A YouTuber has recreated Google’s misleading Gemini Ultra video, showing real-time responses to changes in a live video — using OpenAI’s vision AI model GPT-4V.
Google unveiled its impressive sounding Gemini artificial intelligence models last week, including the flagship Gemini Ultra with a video that appeared to show it responding in real-time to changes in a video — the problem is, Google faked it.
The reality of the promotional clip from Google is that they did have Gemini Ultra solve the problems demonstrated but from still images and over a longer period.
To see whether it is even possible to do things like have an AI play the find the ball game, identify locations on a map or spot changes in an image as you draw it, Greg Technology created a simple app to see how well GPT-4V handles the same concept.
So what exactly happened with Gemini?
Gemini Ultra has been trained as multimodal from the ground up. That means its dataset included images, text, code, video, audio and even motion data. It allows it to have a broader understanding of the world and see it “as humans do”.
To demonstrate these capabilities Google released a video where different actions were being performed and the voice of Gemini was describing what it could see.

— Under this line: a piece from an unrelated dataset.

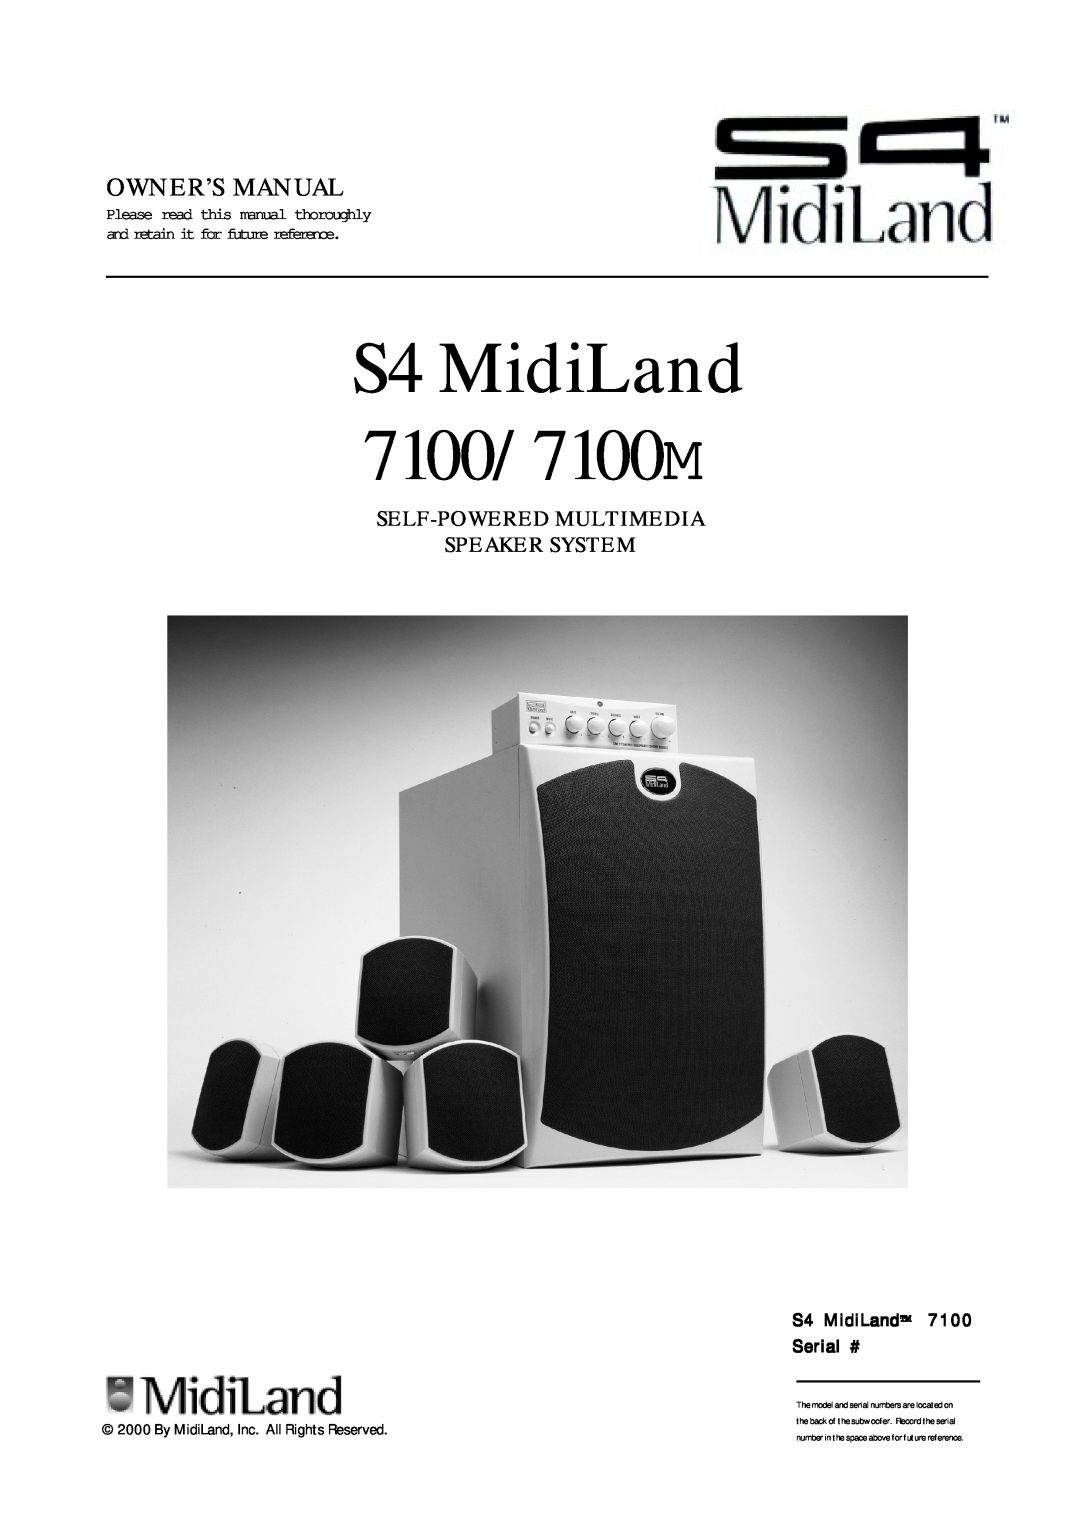 MidiLand owner manual S4 MidiLand Serial #, S4 MidiLand 7100/7100M, Owner’S Manual 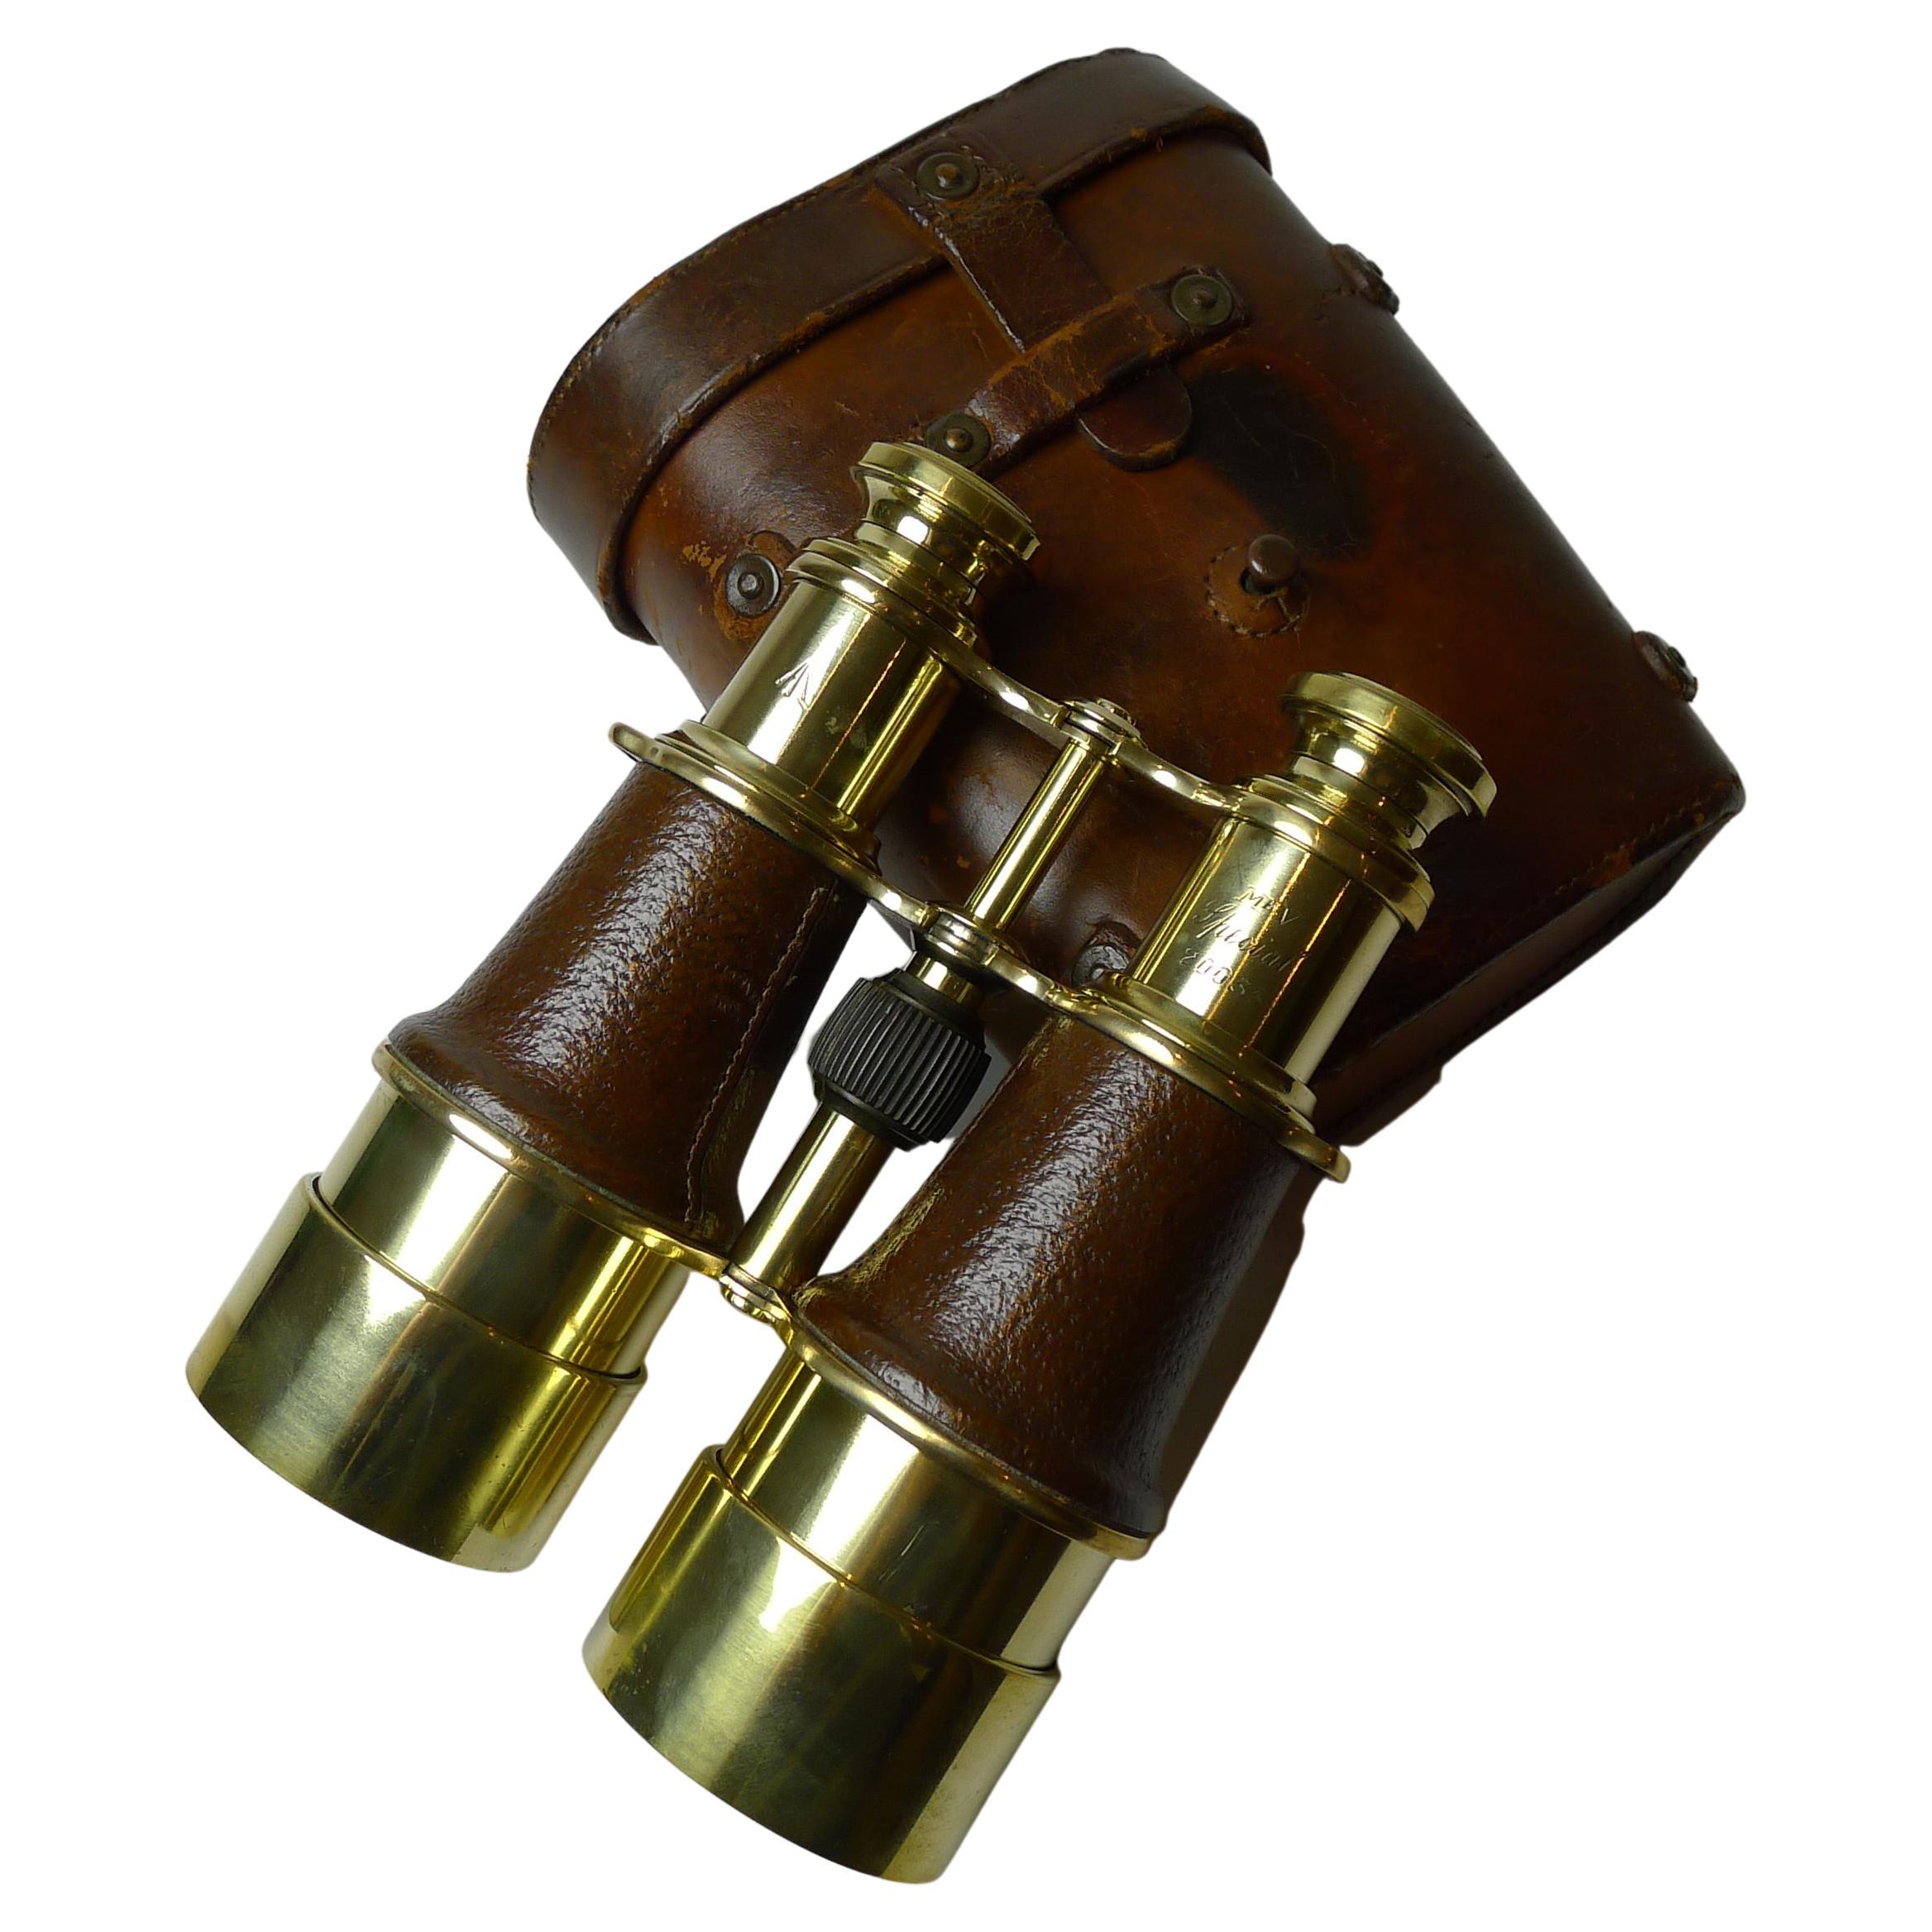 French Made WW1 Binoculars For British Military Issue c.1917

In the video, it seems like this is all happening live, with Gemini responding to changes as they happen, but this isn’t exactly the case. While the responses are real they were still images or in segments rather than in real-time. Put simply, the video was more a marketing exercise than a technical demo.
So OpenAI GPT-4 can already do this?
In a short two-minute video, Greg, who makes demos of new technology for his channel, explained being excited by the Gemini demo but was disappointed to find it wasn't real time.
“When I saw that I thought, that is kind of strange, as with GPT-4 vision, which came out a month ago has been doing what is in the demo only it is real,” he said.
The conversation with GPT-4 is similar to the Voice version of ChatGPT with responses using a similar natural tone. The difference is this included video and had the OpenAI model respond to hand gestures, identify a drawing of a duck on water and play rock, paper, scissors.
The code used to make the ChatGPT Video interface used in the demo video has been released on GitHub by Greg Technology so others can also try it out for themselves.
Trying out the GPT-4 Vision code
I installed the code produced by Greg Technology on my Apple MacBook Air M2 and paired it with my GPT-4V API key to see if this video worked and wasn’t another “fake demo”.
After a few minutes, I had it installed and running and it worked perfectly. Happily identifying hand gestures, my glass coffee cup and a book. It could even tell me its title and author.
What this shows is just how far ahead of the pack OpenAI is, especially in terms of multimodal support. While other models can now analyze the contents of an image, they’d struggle with real-time video analysis.